The Tornadic Vortex Signature (TVS)

A Tornadic Vortex Signature (TVS) is a degraded Doppler velocity signature that occurs when a tornado is smaller than the effective beamwidth of the sampling Doppler radar. Soon after the TVS was discovered in the mid–1970s, simulations were conducted to verify that the signature did indeed represent a tornado. The simulations, which used a uniform reflectivity distribution across the tornado, indicated that the extreme Doppler velocity values should be separated by about one effective beamwidth. For a radar with an effective beamwidth of approximately 1.0 degree and data collected at 1.0–degree azimuthal intervals, the two extreme Doppler velocity measurements should appear at adjacent azimuths (“gate–to–gate”)—as observed. However, with the recent beginning of 0.5–degree azimuthal sampling (“super resolution”) by WSR–88D radars, the extreme measurements unexpectedly appear at 0.5–degree instead of 1.0–degree azimuthal intervals.

With the advent, during the 1990s, of mobile Doppler radars that make measurements very close to tornadoes, it was confirmed that the centrifuging of radar–detectable particles produces a reflectivity minimum (or hole) at the center of tornadoes. However, the coarser reflectivity measurements made by radars at greater distances rarely detect the presence of the hole, which is why the uniform reflectivity assumption was made in the early simulations.

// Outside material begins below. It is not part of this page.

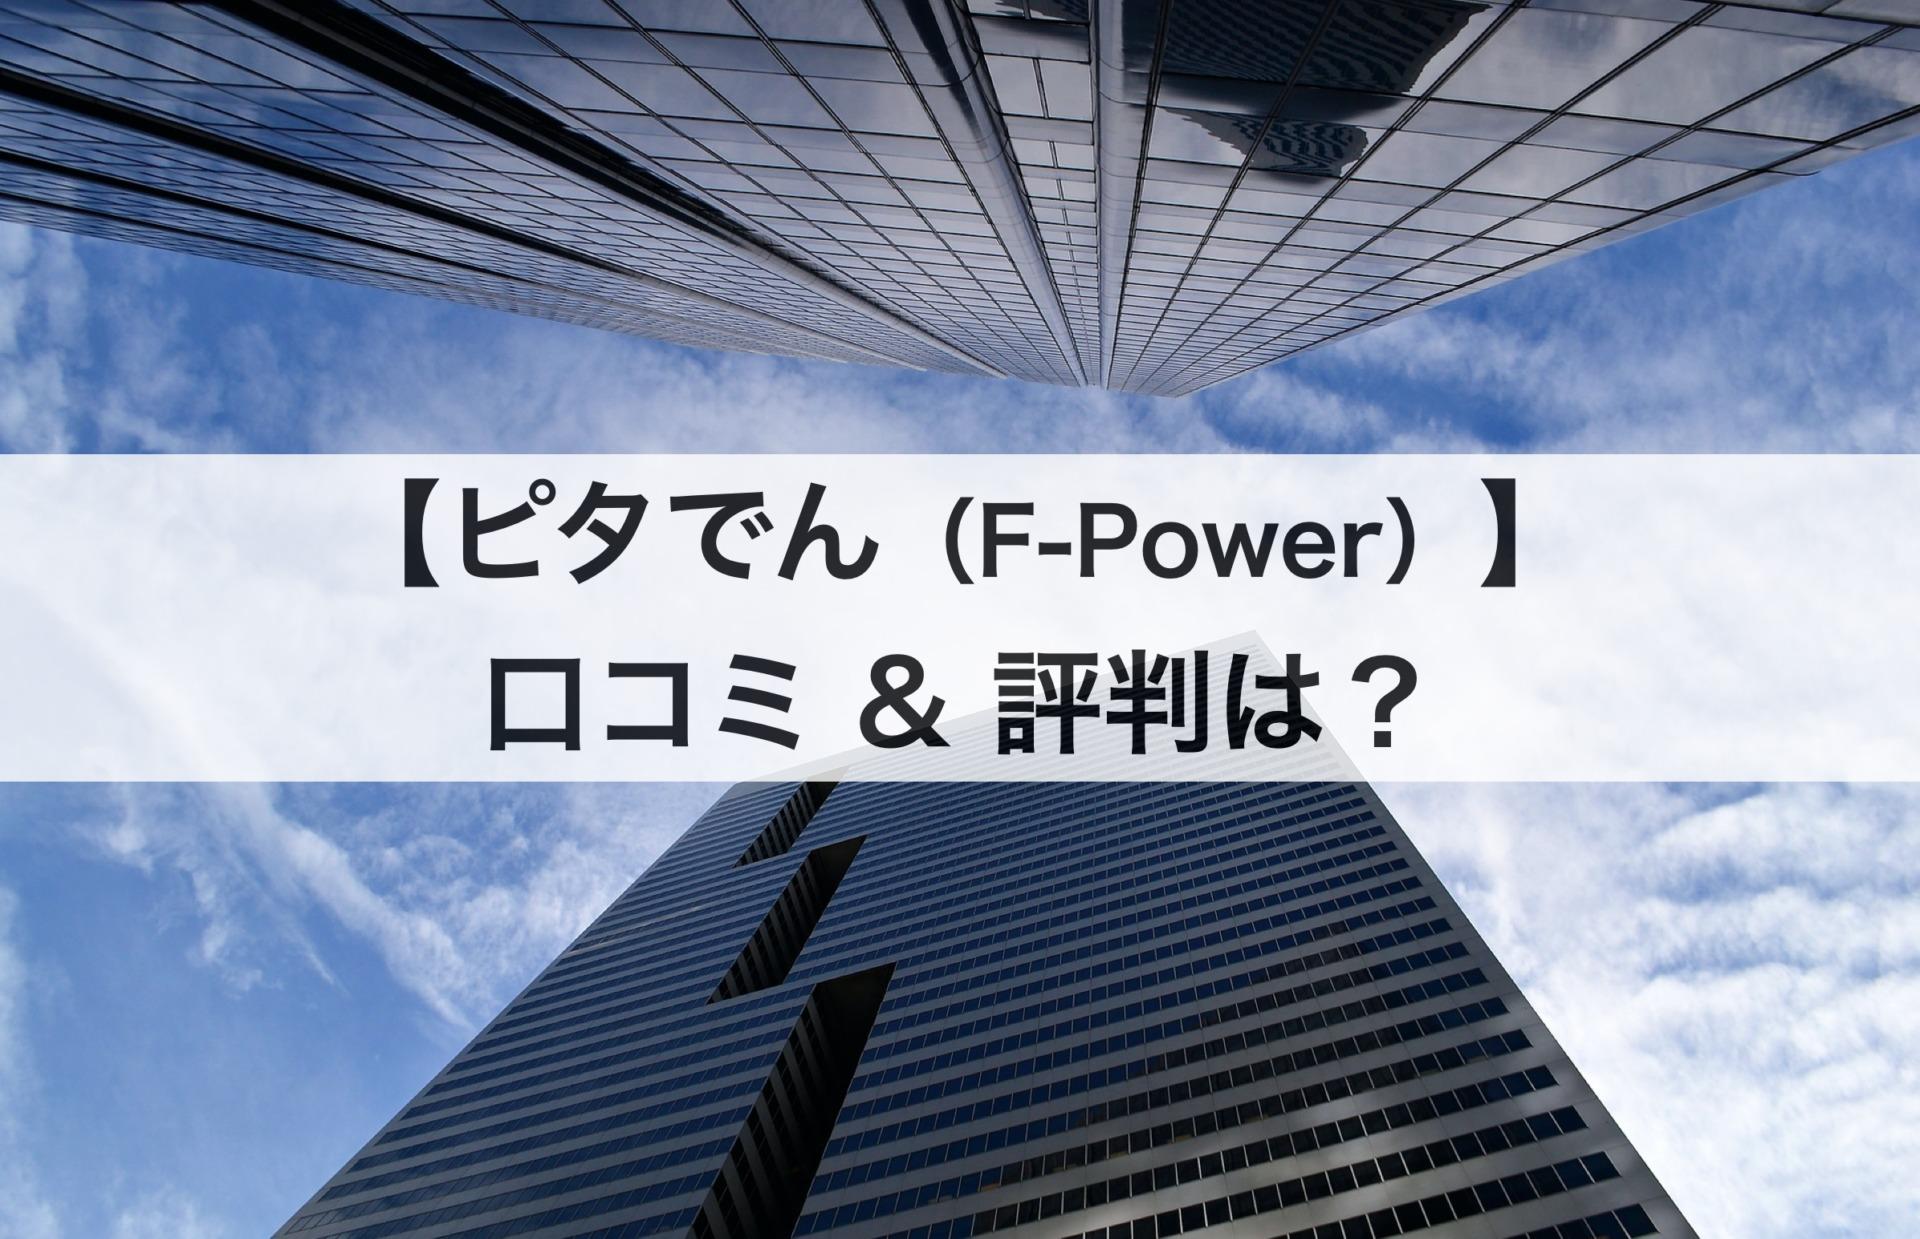 ピタでん(F-Power)の口コミや評判は?メリット&デメリットも解説します。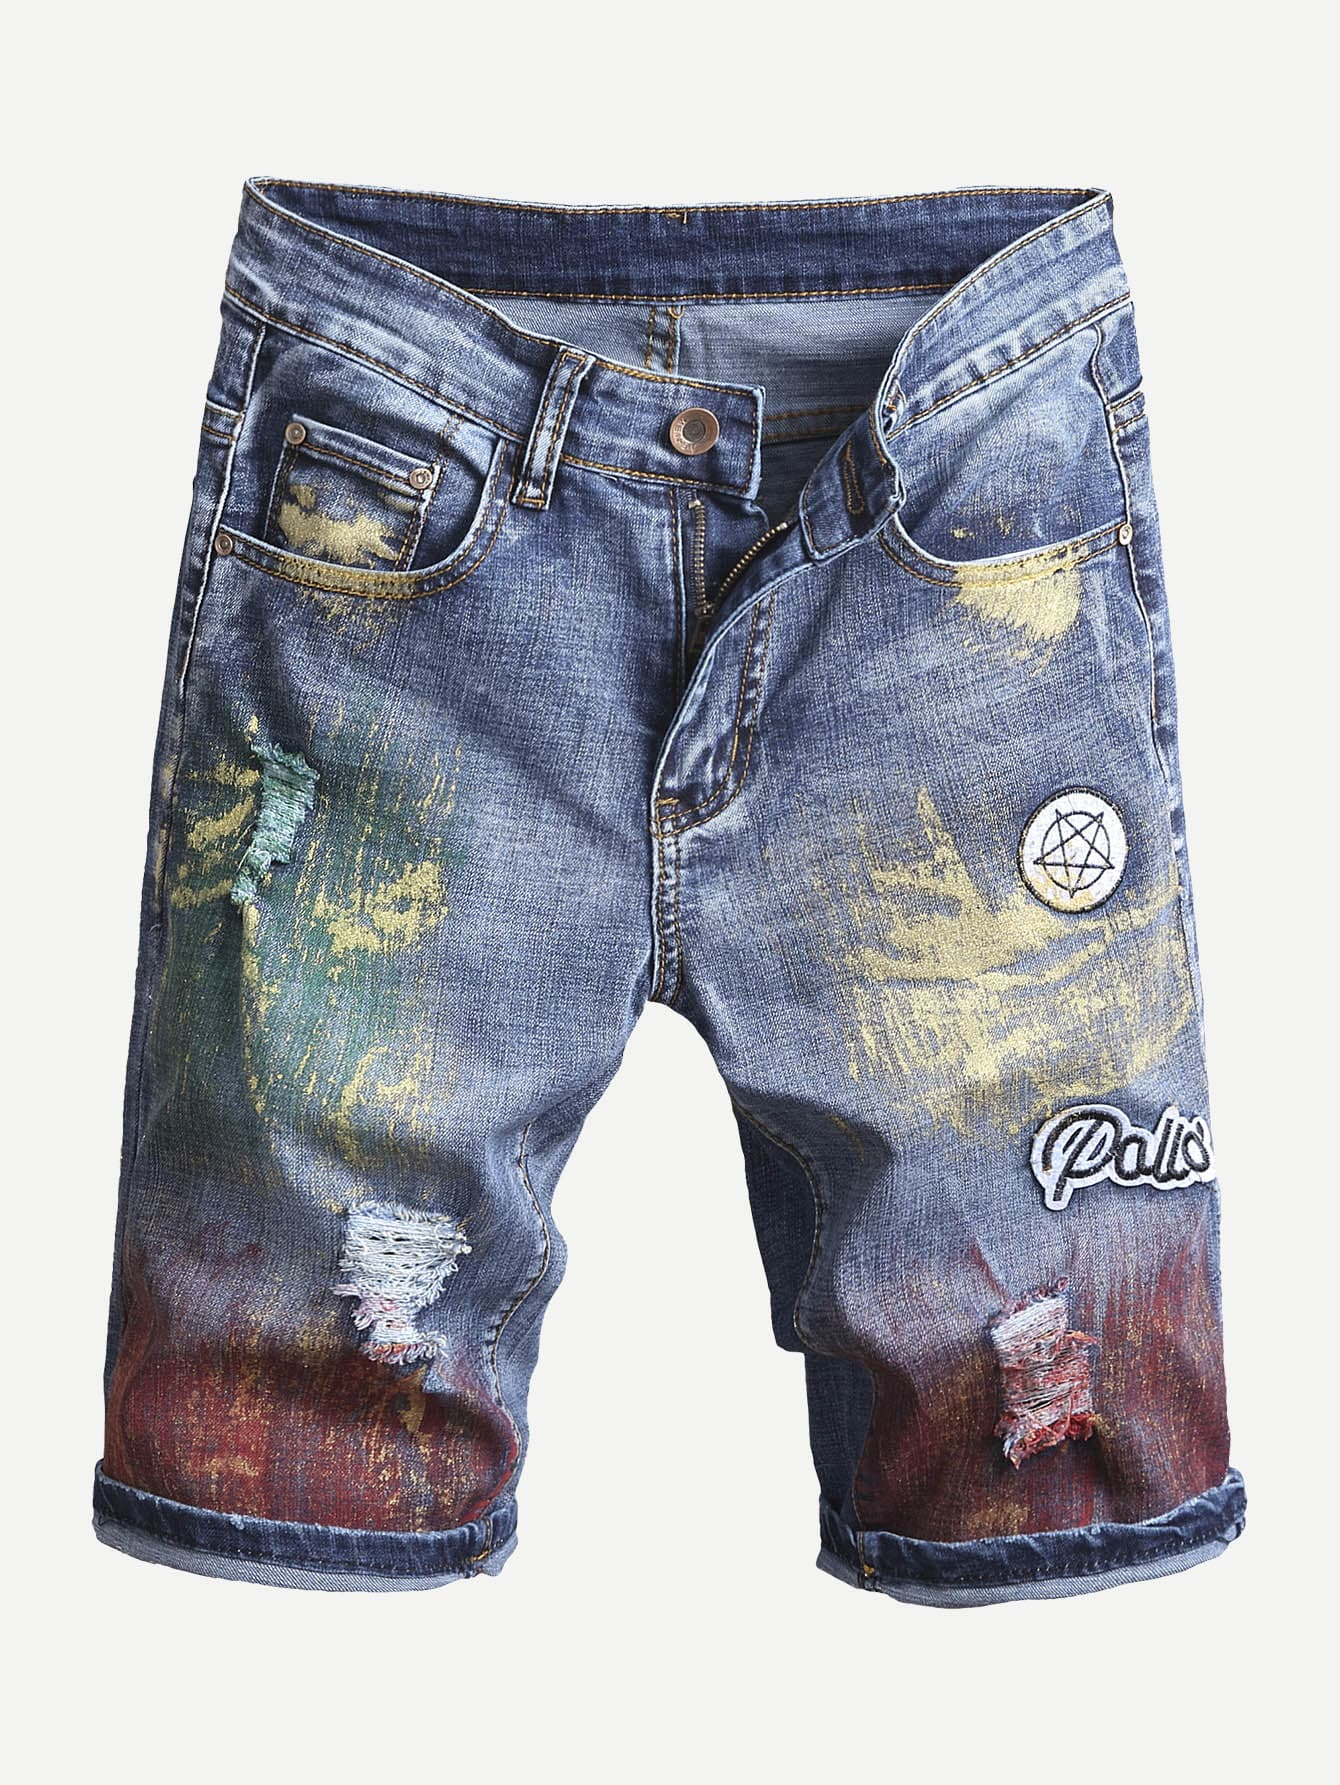 Men Patched Destroyed Denim Shorts men embroidery patched denim jacket

To study what effect the centrifugally–induced hole might have on the TVS, we produced numerically-modeled tornadoes and then sampled them with a simulated WSR–88D. We found that the presence of centrifuged radar–detectable particles—even when not obvious in the reflectivity measurements—does have an influence on the character of the TVS. The simulated data indicate that the extreme Doppler velocity values of the TVS should be separated by 0.5 to 1.0 beamwidth, consistent with the WSR–88D super-resolution measurements.